I read in the news that the supervolcano
in the Phlegraean Fields near Naples
is sputtering dangerously awake. It's not even
melodrama. A massive eruption would plunge
the whole world into a global winter that would mean
game over. In Dante's Inferno, hell is a series of nine
concentric circles descending into the bowels
of the earth. Lucifer's trapped in the deepest one:
an ice pit, no warmth, no sun. The Roman poet Virgil
is Dante's psychopomp— a kind of usher, a conductor
of souls into the afterlife. At first I thought they
entered this realm by boat, through the crater lake
of a volcano. But when I reviewed the passage,
at the start of his journey Dante is lost in a dark
wood. Then he and his guide enter the vestibule of hell,
before Charon picks them up in his ferry. I can appreciate
these little touches— how, even as he must have felt his
world (like ours) to be falling apart, vestibule conveys
a semblance of order, keeps some of the horrors at bay.

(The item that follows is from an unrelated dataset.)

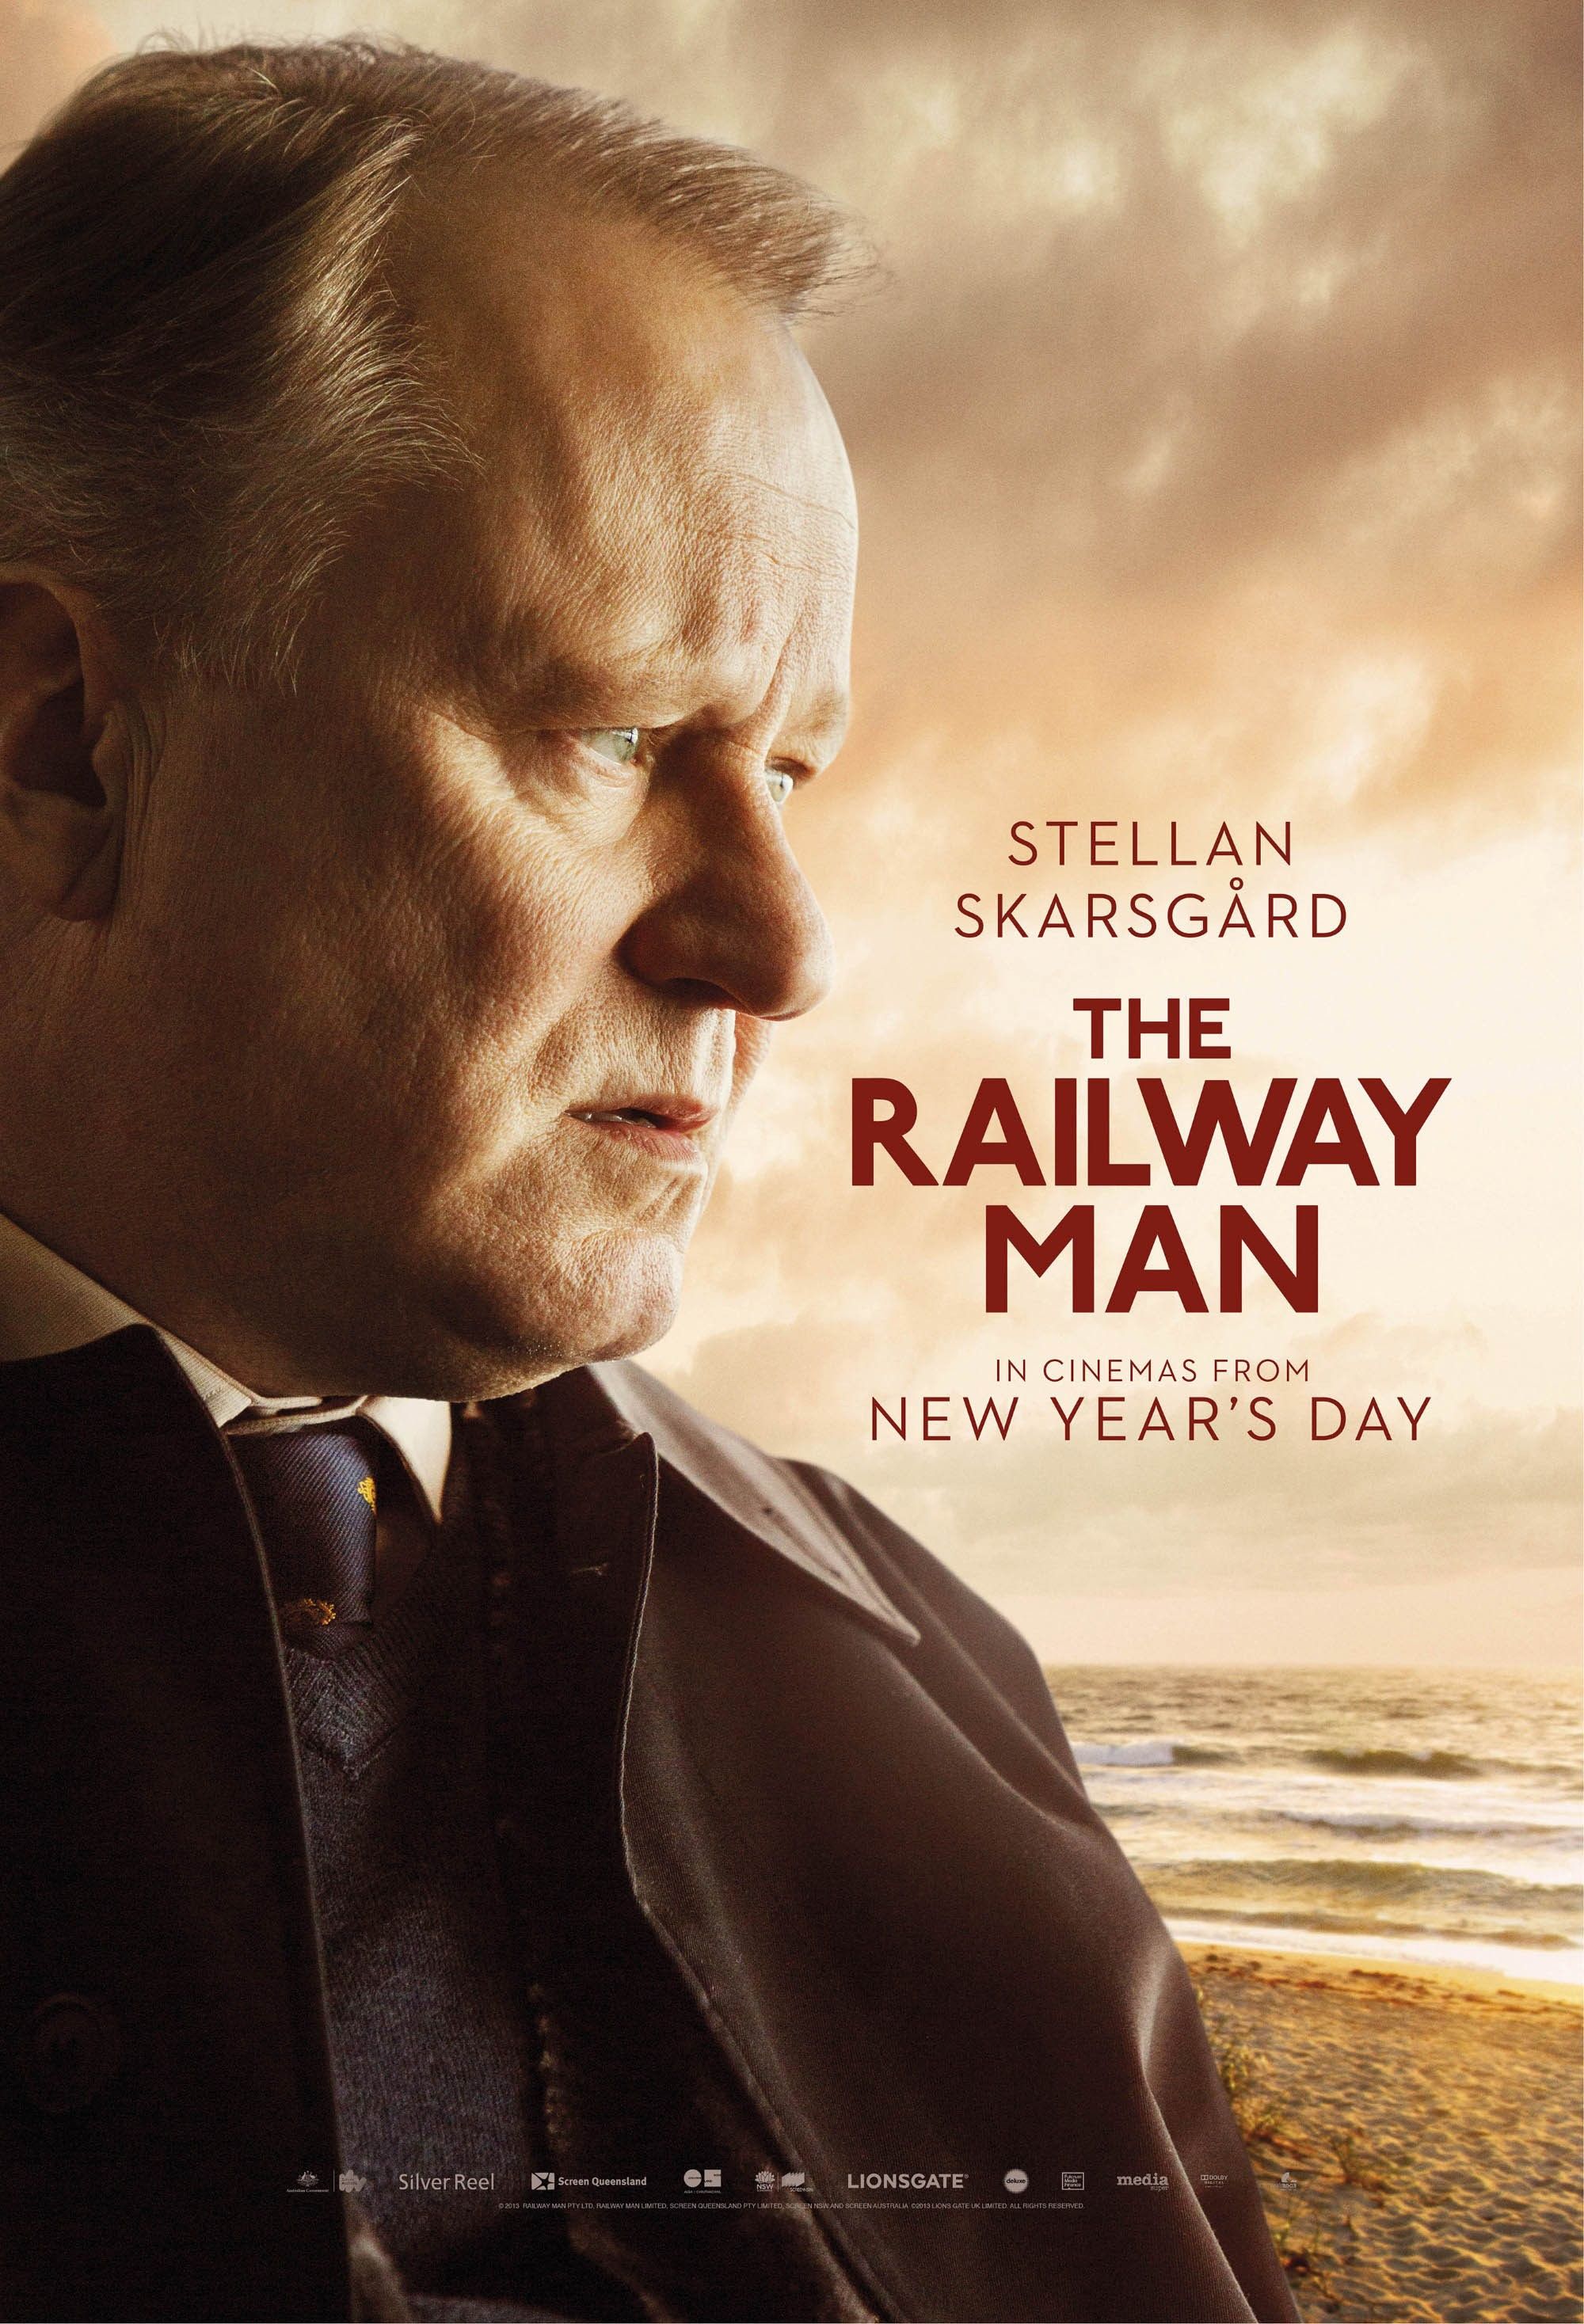 The Railway Man Stellan Skarsgard Character Poster

But It's also a reminder: so much evil is running around
right now, dressed in tuxedos and driving expensive electric
cars, preaching uncivility as virtue, burning books.
No one knows what's going to happen. But even if it means
climbing over Satan's frozen rump and genitals with Dante
and Virgil, I want to finish the course, ascend the last
hill and come out of this doomscape, back into the light.